# Lost iPhone, Advice Needed!!



## rebuhner (Apr 27, 2011)

Like an idiot, I left my precious iPhone in the back of one of the millions of white cabs in Cairo when I was getting out at City Stars. I was just wondering (hoping) that some of you expat vets (I've only been in Cairo for about three weeks now) might have some tips on how to retrieve it, or, conversely and less ideally, if you can set me straight and tell me I should just give up entirely. The battery is now dead, though I do know that no one has tried to remove the sim or anything like that. I don't have any kind of tracking program, so that's not an option, unfortunately. 

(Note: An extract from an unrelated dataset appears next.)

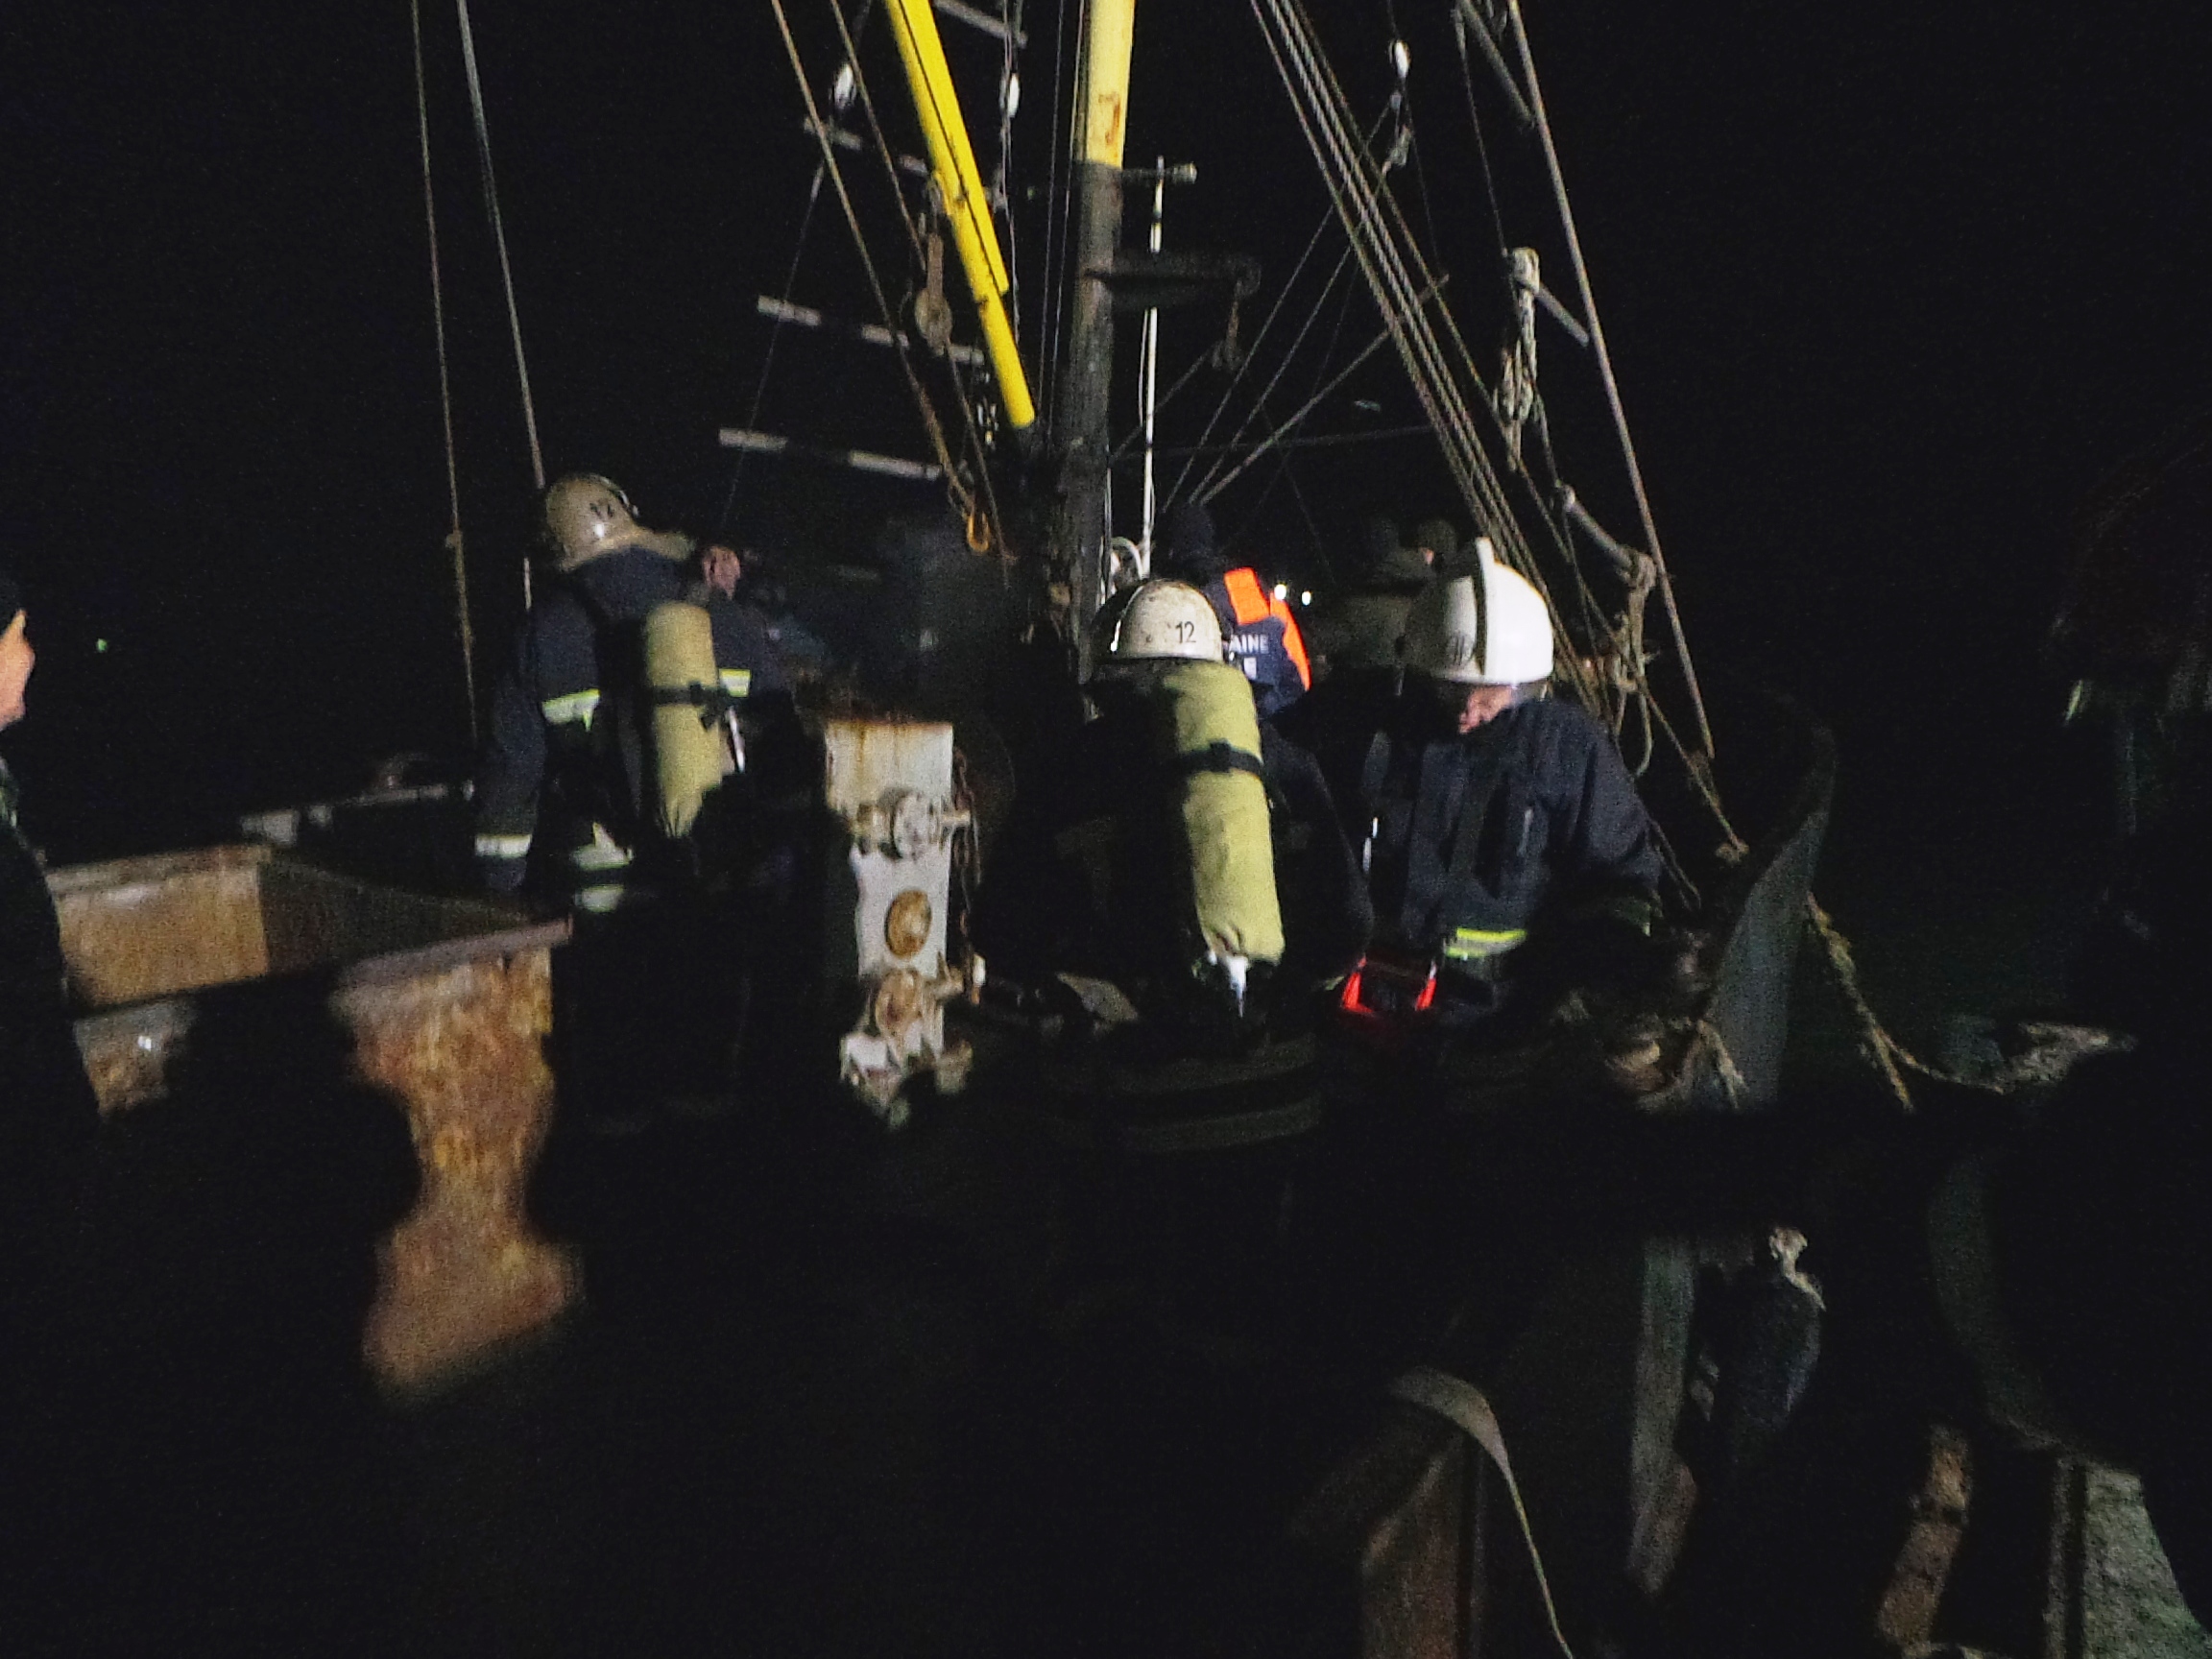 ЧП на запорожском курорте: в открытом море загорелось судно с рыбаками на борту (ФОТО)

Anyways, thanks for your time and I hope someone can tell me something that will allow me to continue to cling to my small thread of hope!!


----------



## MaidenScotland (Jun 6, 2009)

Sorry but it has gone...the first thing they do is switch the phone off so you cannot phone it although that makes no difference, I have lost 3 phones and one person actually answered the number months later ( a friend didn't realise I had a new number). There is a lost property office downtown somewhere and you might just be lucky but I doubt it very much.

maiden


----------



## canuck2010 (Jan 13, 2010)

If you didn't have a password on your iphone, be sure to change your AppleID password. That way whomever stole the phone won't be able to access your personal info. I lost my iphone in Mexico a few months ago!


----------



## DeadGuy (Jan 22, 2010)

Sorry about the situation you've been through, but there's nothing you can do to get your phone back if the person who "found" it haven't called you or answered your calls I'm afraid.........

Apparently Apple got an application that's preloaded to their products that collects personal data and locates the device even when it's turned off, which would definitely help finding your phone.........But I seriously doubt they'd admit that! 

Always have both your SIM and handset locked, not a big deal for idiots to unlock it, but I like the idea of making it harder for them to enjoy what's NOT theirs!


----------